To avoid this error we make the executive decision to ignore this clash. This has largely not appeared to have any deleterious issues on performance or accuracy across the tests run. If you are uncomfortable with this then the code in ``metapredict/__init__.py`` can be edited with ``IGNORE_LIBOMP_ERROR`` set to ``False`` and **metapredict** re-installed from the source directory.
Testing
========
To see if your installation of **metapredict** is working properly, you can run the unit test included in the package by navigating to the metapredict/tests folder within the installation directory and running:
.. code-block:: bash
$ pytest -v
Example datasets
==================
Example data that can be used with metapredict can be found in the metapredict/data folder on GitHub. The example data set is just a .fasta file containing 5 protein sequences.
Previous updates
==================
May 2023: Update to default version (metapredict V2-FF)
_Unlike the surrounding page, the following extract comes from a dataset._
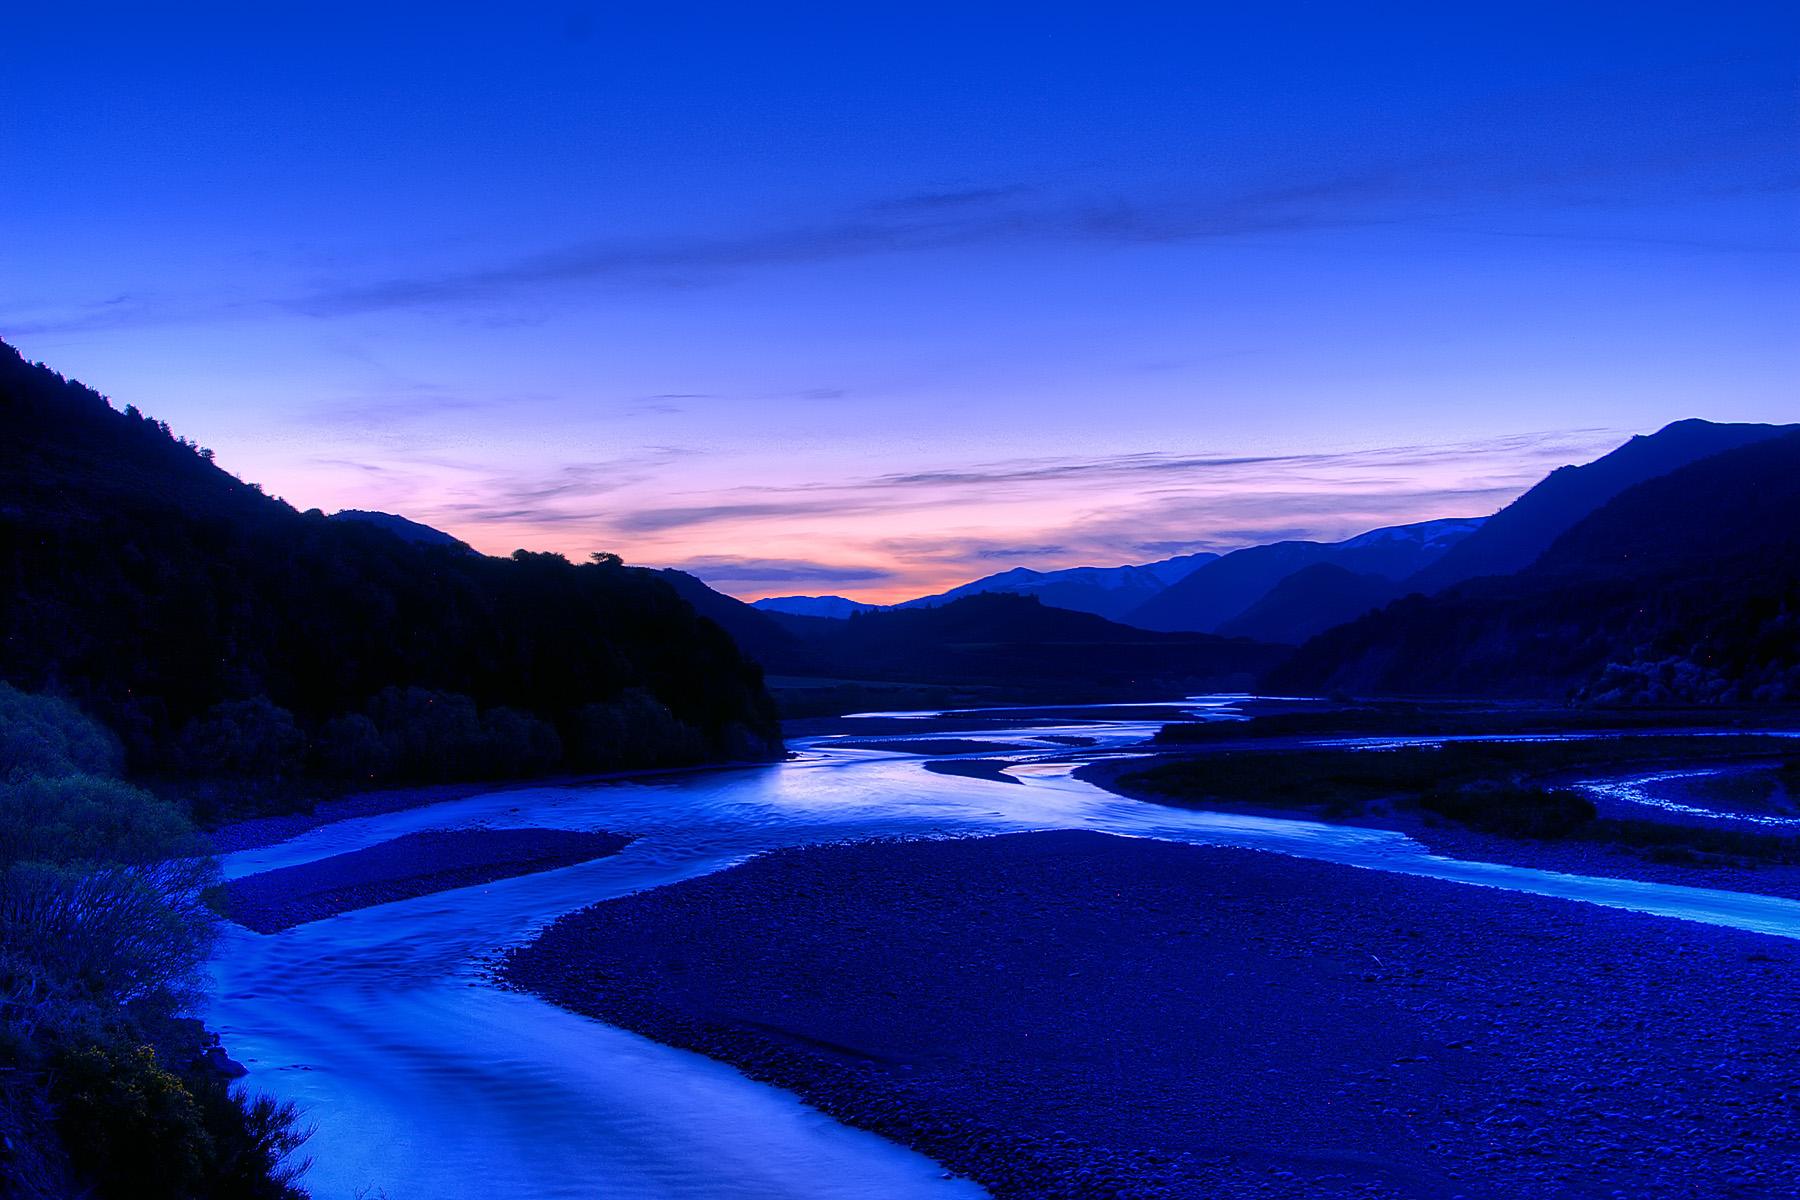 silver_river

^^^^^^^^^^^^^^^^^^^^^^^^^^^^^^^^^^^^^^^^^^^^^^^^^^^^^^^^^^^^^
As of May 2023, we have pushed our improved version metapredict V2-FF. metapredict V2-FF does not change any of the predictions, but does implement substantial performance improvements. Notably these are realized by using the :code:`predict_disorder_batch()` function.
February 2022: Update to default version (metapredict V2)
^^^^^^^^^^^^^^^^^^^^^^^^^^^^^^^^^^^^^^^^^^^^^^^^^^^^^^^^^^^^^
As of February 15, 2022 we have updated metapredict to V2. This comes with important changes that improve the accuracy of metapredict. Please see the section on the update *Major update to metapredict predictions to increase overall accuracy* below. In addition, this update changes the functionality of the *predict_disorder_domains()* function, so please read the documentation on that function if you were using it previously.
These changes are detailed in a `permanent preprint <https://www.biorxiv.org/content/10.1101/2022.06.06.494887v2>`_ that lives on bioRxiv. We ask you still cite the original metapredict article rather than this preprint.
July 2021: Initial version (metapredict v1)
^^^^^^^^^^^^^^^^^^^^^^^^^^^^^^^^^^^^^^^^^^^^
The initial version of metapredict was released in July 2021 with the corresponding paper published shortly thereafter in Biophysical Journal:
Emenecker, R. J., Griffith, D. & Holehouse, A. S. Metapredict: a fast, accurate, and easy-to-use predictor of consensus disorder and structure. Biophys. J. 120, 4312–4319 (2021).